*Task goal:* Each line below needs to be repeated precisely as it is.

Start of Records shown

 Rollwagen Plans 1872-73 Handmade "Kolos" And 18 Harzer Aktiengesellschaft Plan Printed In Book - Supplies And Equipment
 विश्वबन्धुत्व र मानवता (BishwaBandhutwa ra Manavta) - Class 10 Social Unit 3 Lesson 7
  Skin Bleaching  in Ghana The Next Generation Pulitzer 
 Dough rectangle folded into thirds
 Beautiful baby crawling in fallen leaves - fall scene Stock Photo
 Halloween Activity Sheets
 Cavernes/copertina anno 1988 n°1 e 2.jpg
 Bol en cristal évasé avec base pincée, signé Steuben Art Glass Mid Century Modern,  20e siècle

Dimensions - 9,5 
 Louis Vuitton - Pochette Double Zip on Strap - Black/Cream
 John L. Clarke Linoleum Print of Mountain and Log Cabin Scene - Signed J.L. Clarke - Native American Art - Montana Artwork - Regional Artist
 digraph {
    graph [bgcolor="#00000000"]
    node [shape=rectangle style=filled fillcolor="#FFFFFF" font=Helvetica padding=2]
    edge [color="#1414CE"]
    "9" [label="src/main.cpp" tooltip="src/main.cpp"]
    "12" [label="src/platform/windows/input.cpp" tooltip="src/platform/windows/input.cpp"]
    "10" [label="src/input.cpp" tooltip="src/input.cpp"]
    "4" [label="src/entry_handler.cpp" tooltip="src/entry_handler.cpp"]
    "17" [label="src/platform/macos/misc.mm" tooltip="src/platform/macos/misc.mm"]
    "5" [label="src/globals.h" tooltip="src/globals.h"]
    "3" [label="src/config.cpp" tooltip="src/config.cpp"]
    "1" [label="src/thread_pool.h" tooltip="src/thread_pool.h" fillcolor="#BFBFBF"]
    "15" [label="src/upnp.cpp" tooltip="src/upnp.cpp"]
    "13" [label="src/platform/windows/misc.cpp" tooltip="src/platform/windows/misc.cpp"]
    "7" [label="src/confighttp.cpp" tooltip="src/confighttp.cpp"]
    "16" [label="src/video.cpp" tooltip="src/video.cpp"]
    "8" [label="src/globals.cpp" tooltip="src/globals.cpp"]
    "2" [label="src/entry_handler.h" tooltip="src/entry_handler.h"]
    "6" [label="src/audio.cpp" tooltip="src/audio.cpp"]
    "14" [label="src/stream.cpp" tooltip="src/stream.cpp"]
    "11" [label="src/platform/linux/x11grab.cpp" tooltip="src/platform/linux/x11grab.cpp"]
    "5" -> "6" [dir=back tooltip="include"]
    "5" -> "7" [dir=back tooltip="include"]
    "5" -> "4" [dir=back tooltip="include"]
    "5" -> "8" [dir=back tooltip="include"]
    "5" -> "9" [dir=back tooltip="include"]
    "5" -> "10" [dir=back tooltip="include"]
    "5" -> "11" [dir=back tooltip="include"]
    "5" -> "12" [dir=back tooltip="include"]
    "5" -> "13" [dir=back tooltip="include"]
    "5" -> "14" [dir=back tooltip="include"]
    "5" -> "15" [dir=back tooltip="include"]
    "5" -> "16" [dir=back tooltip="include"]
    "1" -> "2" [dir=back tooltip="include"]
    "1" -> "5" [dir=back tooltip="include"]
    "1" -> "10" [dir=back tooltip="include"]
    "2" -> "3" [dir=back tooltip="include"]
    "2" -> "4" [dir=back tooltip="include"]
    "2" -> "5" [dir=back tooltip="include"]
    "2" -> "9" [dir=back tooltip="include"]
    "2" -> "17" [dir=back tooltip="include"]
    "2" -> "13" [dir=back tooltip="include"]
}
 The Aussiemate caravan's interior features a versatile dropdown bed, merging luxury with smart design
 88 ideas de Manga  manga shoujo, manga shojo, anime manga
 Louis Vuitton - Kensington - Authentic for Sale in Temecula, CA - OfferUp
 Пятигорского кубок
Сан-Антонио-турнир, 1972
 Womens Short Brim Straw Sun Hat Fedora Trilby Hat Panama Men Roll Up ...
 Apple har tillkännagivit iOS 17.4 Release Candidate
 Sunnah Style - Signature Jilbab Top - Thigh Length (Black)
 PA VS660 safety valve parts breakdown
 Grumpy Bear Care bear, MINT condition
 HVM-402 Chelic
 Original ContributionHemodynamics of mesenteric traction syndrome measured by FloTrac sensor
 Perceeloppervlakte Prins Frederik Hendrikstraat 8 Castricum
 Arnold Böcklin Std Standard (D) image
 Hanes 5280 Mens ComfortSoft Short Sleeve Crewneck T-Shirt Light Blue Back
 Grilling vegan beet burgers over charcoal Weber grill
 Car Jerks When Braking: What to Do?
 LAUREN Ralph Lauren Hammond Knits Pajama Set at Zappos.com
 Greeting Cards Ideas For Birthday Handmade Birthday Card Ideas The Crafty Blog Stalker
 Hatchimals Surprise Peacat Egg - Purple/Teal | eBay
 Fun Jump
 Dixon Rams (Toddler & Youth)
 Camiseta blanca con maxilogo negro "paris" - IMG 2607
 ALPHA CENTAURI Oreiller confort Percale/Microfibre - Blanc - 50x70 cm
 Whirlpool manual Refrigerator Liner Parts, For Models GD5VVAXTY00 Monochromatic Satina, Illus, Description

End of Records shown

*Answer area:*
 Rollwagen Plans 1872-73 Handmade "Kolos" And 18 Harzer Aktiengesellschaft Plan Printed In Book - Supplies And Equipment
 विश्वबन्धुत्व र मानवता (BishwaBandhutwa ra Manavta) - Class 10 Social Unit 3 Lesson 7
  Skin Bleaching  in Ghana The Next Generation Pulitzer 
 Dough rectangle folded into thirds
 Beautiful baby crawling in fallen leaves - fall scene Stock Photo
 Halloween Activity Sheets
 Cavernes/copertina anno 1988 n°1 e 2.jpg
 Bol en cristal évasé avec base pincée, signé Steuben Art Glass Mid Century Modern,  20e siècle

Dimensions - 9,5 
 Louis Vuitton - Pochette Double Zip on Strap - Black/Cream
 John L. Clarke Linoleum Print of Mountain and Log Cabin Scene - Signed J.L. Clarke - Native American Art - Montana Artwork - Regional Artist
 digraph {
    graph [bgcolor="#00000000"]
    node [shape=rectangle style=filled fillcolor="#FFFFFF" font=Helvetica padding=2]
    edge [color="#1414CE"]
    "9" [label="src/main.cpp" tooltip="src/main.cpp"]
    "12" [label="src/platform/windows/input.cpp" tooltip="src/platform/windows/input.cpp"]
    "10" [label="src/input.cpp" tooltip="src/input.cpp"]
    "4" [label="src/entry_handler.cpp" tooltip="src/entry_handler.cpp"]
    "17" [label="src/platform/macos/misc.mm" tooltip="src/platform/macos/misc.mm"]
    "5" [label="src/globals.h" tooltip="src/globals.h"]
    "3" [label="src/config.cpp" tooltip="src/config.cpp"]
    "1" [label="src/thread_pool.h" tooltip="src/thread_pool.h" fillcolor="#BFBFBF"]
    "15" [label="src/upnp.cpp" tooltip="src/upnp.cpp"]
    "13" [label="src/platform/windows/misc.cpp" tooltip="src/platform/windows/misc.cpp"]
    "7" [label="src/confighttp.cpp" tooltip="src/confighttp.cpp"]
    "16" [label="src/video.cpp" tooltip="src/video.cpp"]
    "8" [label="src/globals.cpp" tooltip="src/globals.cpp"]
    "2" [label="src/entry_handler.h" tooltip="src/entry_handler.h"]
    "6" [label="src/audio.cpp" tooltip="src/audio.cpp"]
    "14" [label="src/stream.cpp" tooltip="src/stream.cpp"]
    "11" [label="src/platform/linux/x11grab.cpp" tooltip="src/platform/linux/x11grab.cpp"]
    "5" -> "6" [dir=back tooltip="include"]
    "5" -> "7" [dir=back tooltip="include"]
    "5" -> "4" [dir=back tooltip="include"]
    "5" -> "8" [dir=back tooltip="include"]
    "5" -> "9" [dir=back tooltip="include"]
    "5" -> "10" [dir=back tooltip="include"]
    "5" -> "11" [dir=back tooltip="include"]
    "5" -> "12" [dir=back tooltip="include"]
    "5" -> "13" [dir=back tooltip="include"]
    "5" -> "14" [dir=back tooltip="include"]
    "5" -> "15" [dir=back tooltip="include"]
    "5" -> "16" [dir=back tooltip="include"]
    "1" -> "2" [dir=back tooltip="include"]
    "1" -> "5" [dir=back tooltip="include"]
    "1" -> "10" [dir=back tooltip="include"]
    "2" -> "3" [dir=back tooltip="include"]
    "2" -> "4" [dir=back tooltip="include"]
    "2" -> "5" [dir=back tooltip="include"]
    "2" -> "9" [dir=back tooltip="include"]
    "2" -> "17" [dir=back tooltip="include"]
    "2" -> "13" [dir=back tooltip="include"]
}
 The Aussiemate caravan's interior features a versatile dropdown bed, merging luxury with smart design
 88 ideas de Manga  manga shoujo, manga shojo, anime manga
 Louis Vuitton - Kensington - Authentic for Sale in Temecula, CA - OfferUp
 Пятигорского кубок
Сан-Антонио-турнир, 1972
 Womens Short Brim Straw Sun Hat Fedora Trilby Hat Panama Men Roll Up ...
 Apple har tillkännagivit iOS 17.4 Release Candidate
 Sunnah Style - Signature Jilbab Top - Thigh Length (Black)
 PA VS660 safety valve parts breakdown
 Grumpy Bear Care bear, MINT condition
 HVM-402 Chelic
 Original ContributionHemodynamics of mesenteric traction syndrome measured by FloTrac sensor
 Perceeloppervlakte Prins Frederik Hendrikstraat 8 Castricum
 Arnold Böcklin Std Standard (D) image
 Hanes 5280 Mens ComfortSoft Short Sleeve Crewneck T-Shirt Light Blue Back
 Grilling vegan beet burgers over charcoal Weber grill
 Car Jerks When Braking: What to Do?
 LAUREN Ralph Lauren Hammond Knits Pajama Set at Zappos.com
 Greeting Cards Ideas For Birthday Handmade Birthday Card Ideas The Crafty Blog Stalker
 Hatchimals Surprise Peacat Egg - Purple/Teal | eBay
 Fun Jump
 Dixon Rams (Toddler & Youth)
 Camiseta blanca con maxilogo negro "paris" - IMG 2607
 ALPHA CENTAURI Oreiller confort Percale/Microfibre - Blanc - 50x70 cm
 Whirlpool manual Refrigerator Liner Parts, For Models GD5VVAXTY00 Monochromatic Satina, Illus, Description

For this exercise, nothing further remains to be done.